Presenting our insights on diffusion-based sampling at MIT
Last week, Lorenz Richter had the opportunity to visit the Center for Computational Science & Engineering (CCSE) at Massachusetts Institute of Technology to discuss our latest research on diffusion-based sampling.
The group, led by Youssef Marzouk, is at the forefront of developing rigorous methods for uncertainty quantification, inverse problems, and statistical machine learning - areas that align closely with our work at dida.
The presentation and discussion centered around how we can use controlled diffusion processes to sample from complex target distributions.
-
Bridging frameworks: Discussing the variational formulations that allow us to treat diffusion-based sampling as a stochastic optimal control problem.
-
Efficiency for high dimensions: How our recent work can improve convergence, shown for scientific applications.
-
Scientific ML: Exploring the synergy between generative AI and classical computational physics to solve inverse problems more robustly.

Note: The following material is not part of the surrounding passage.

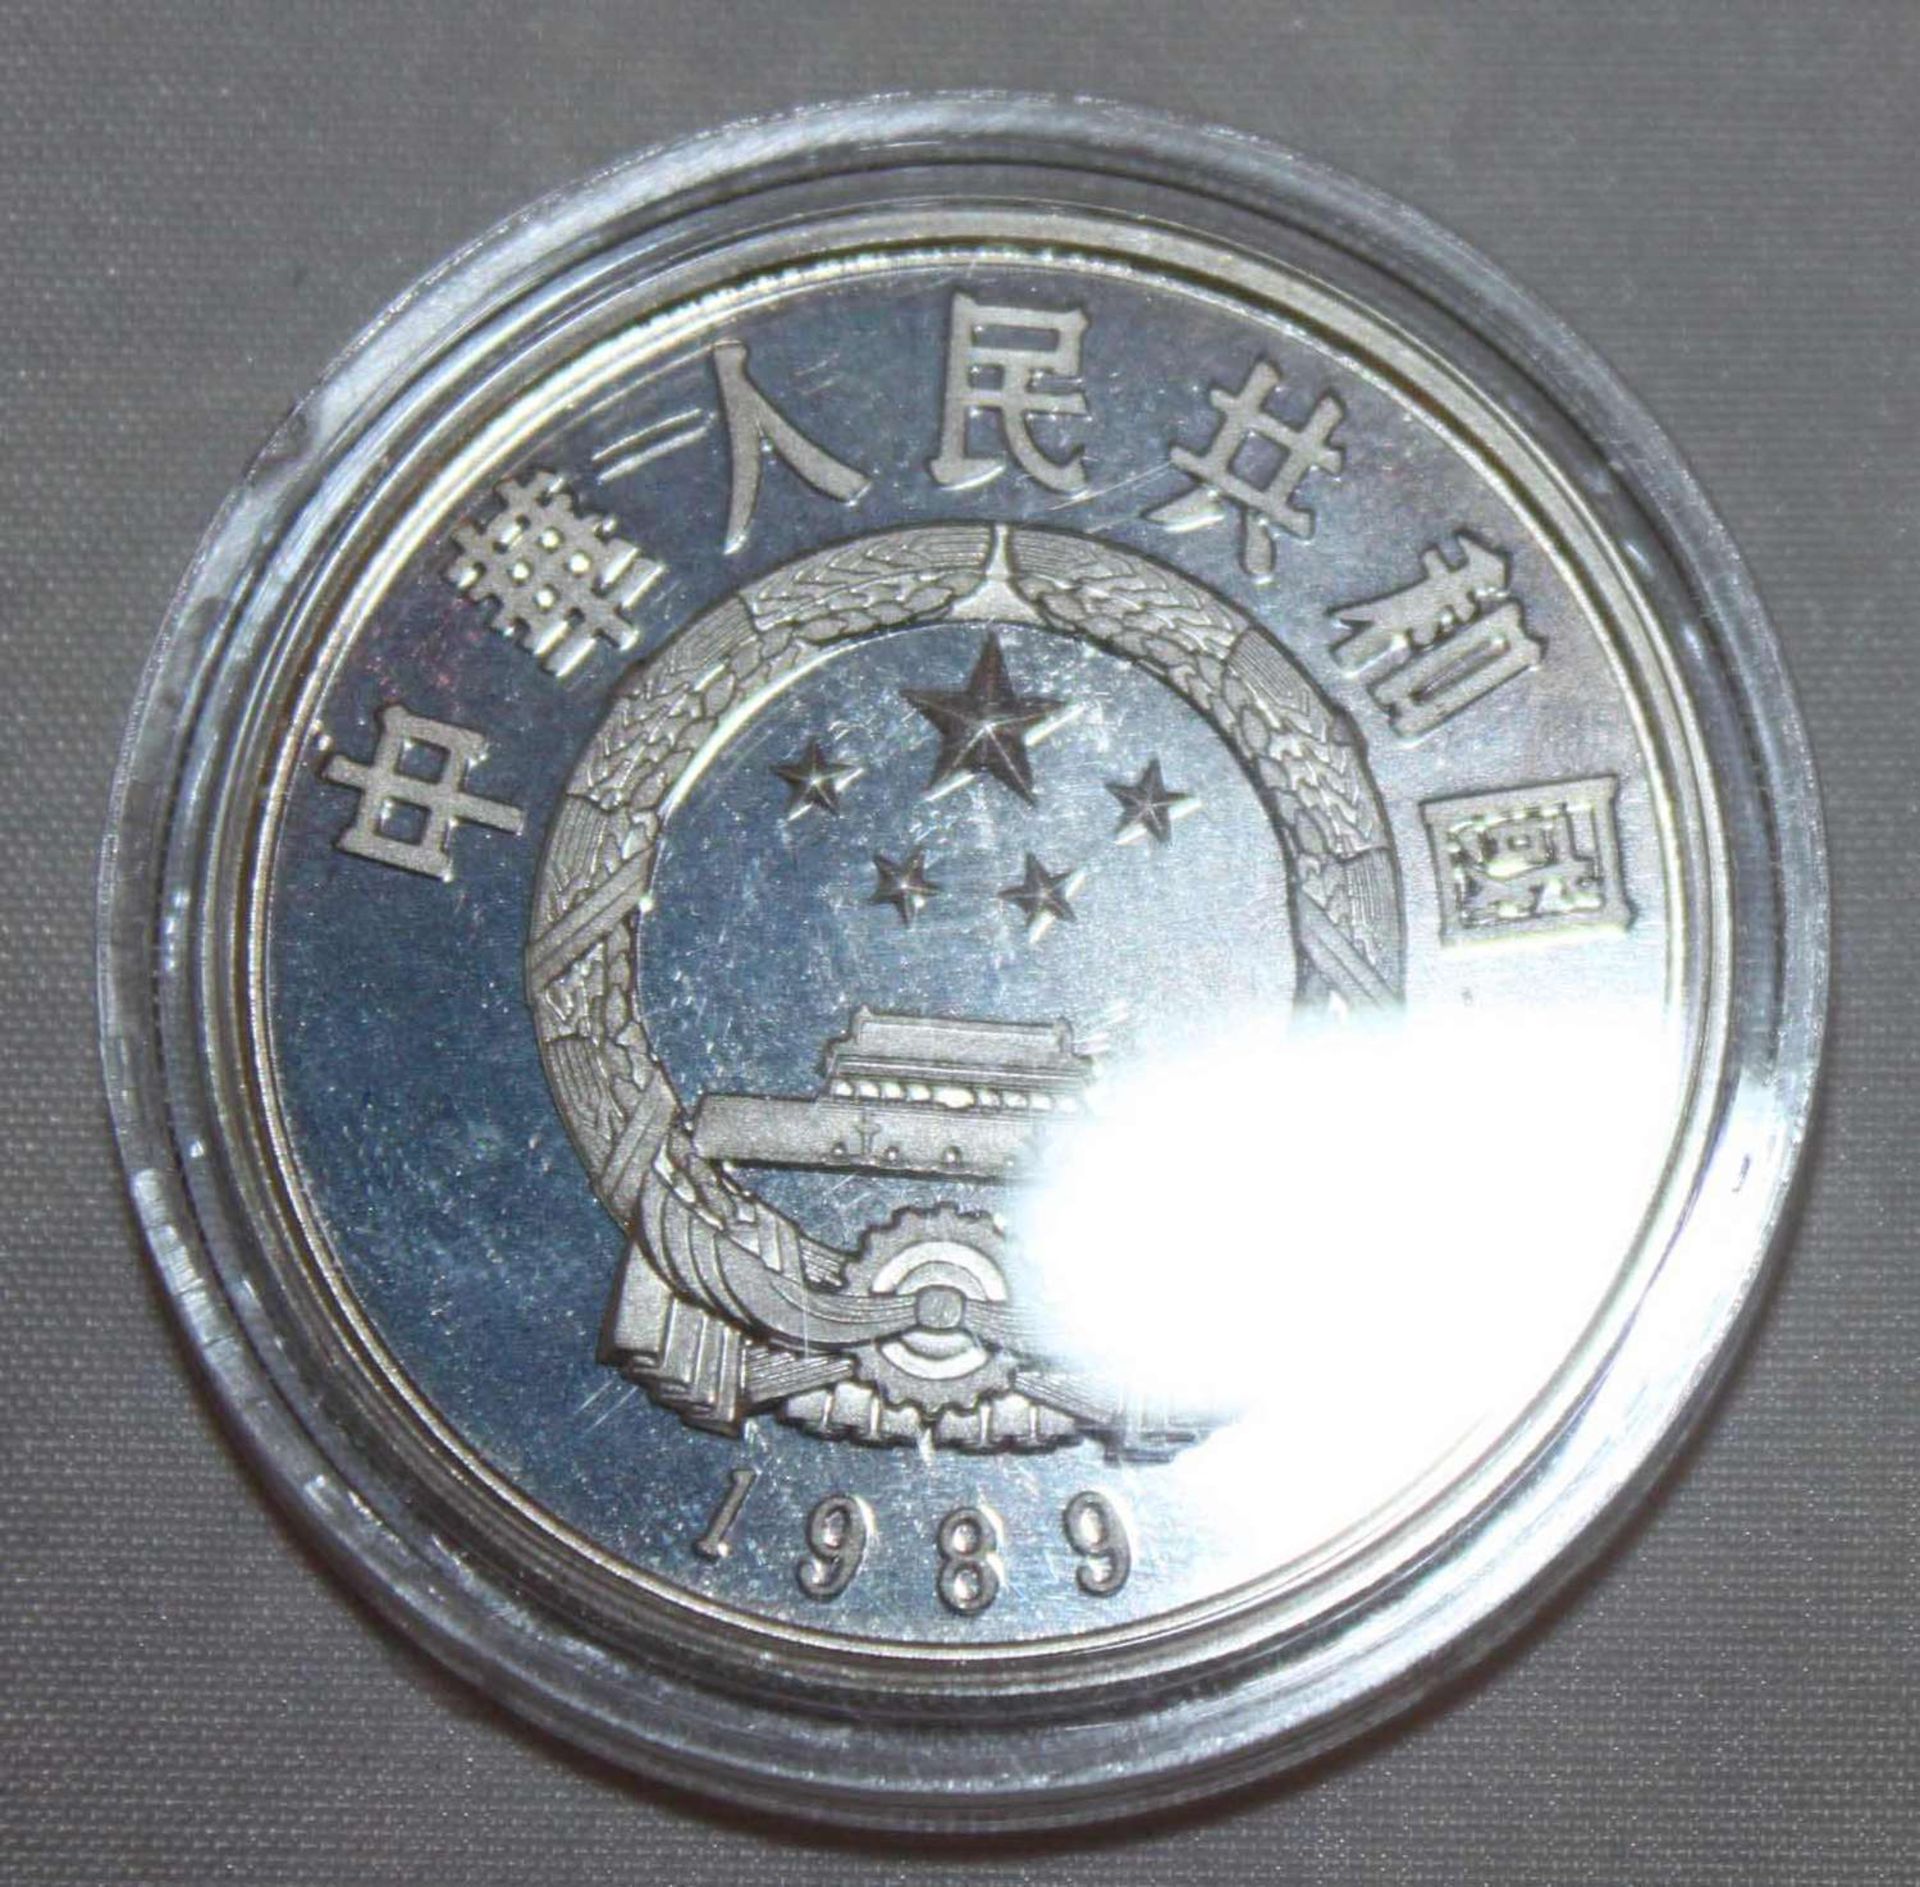 China 1989, 5 Yuan - Silbermünze "Huan Dao Po". Silber 900. Gewicht: 22,2 gr.. In Kapsel. Erhaltung: - Image 2 of 3
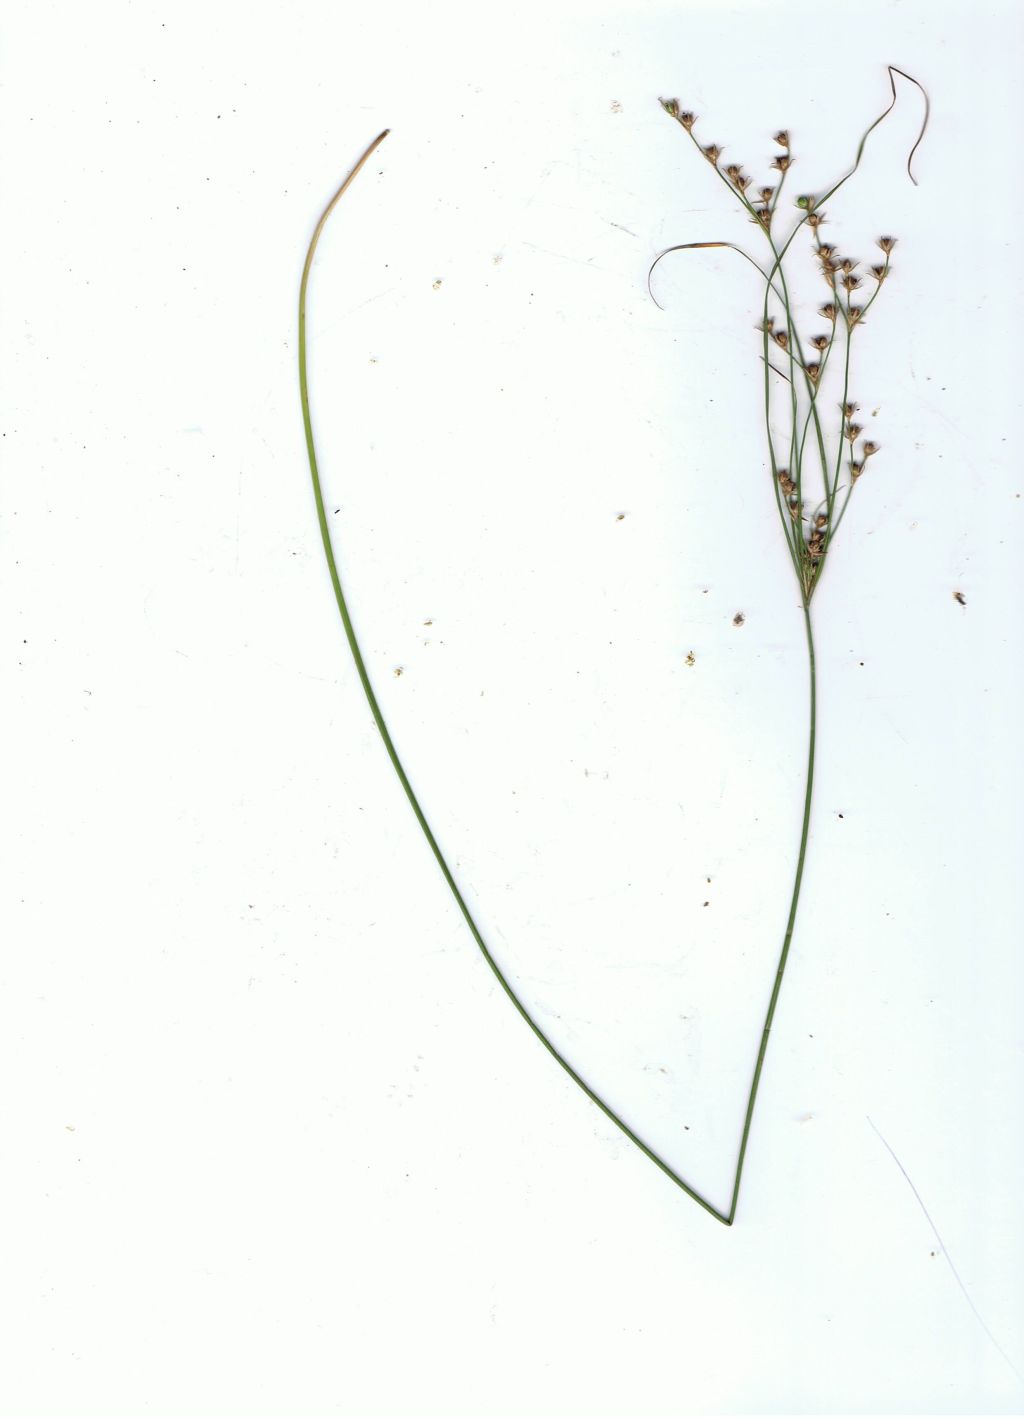 Juncus tenuis subsp. anthelatus

It was a fantastic experience to discuss the mathematical foundations of AI with such a talented group of researchers. The exchange of ideas between the European AI landscape and the technical ecosystems here in Cambridge continues to be a great source of inspiration for our own projects.
A big thank you to Youssef Marzouk for the invitation and to Joanna Zou for the great organization and warm welcome!
We're looking forward to continuing the conversation.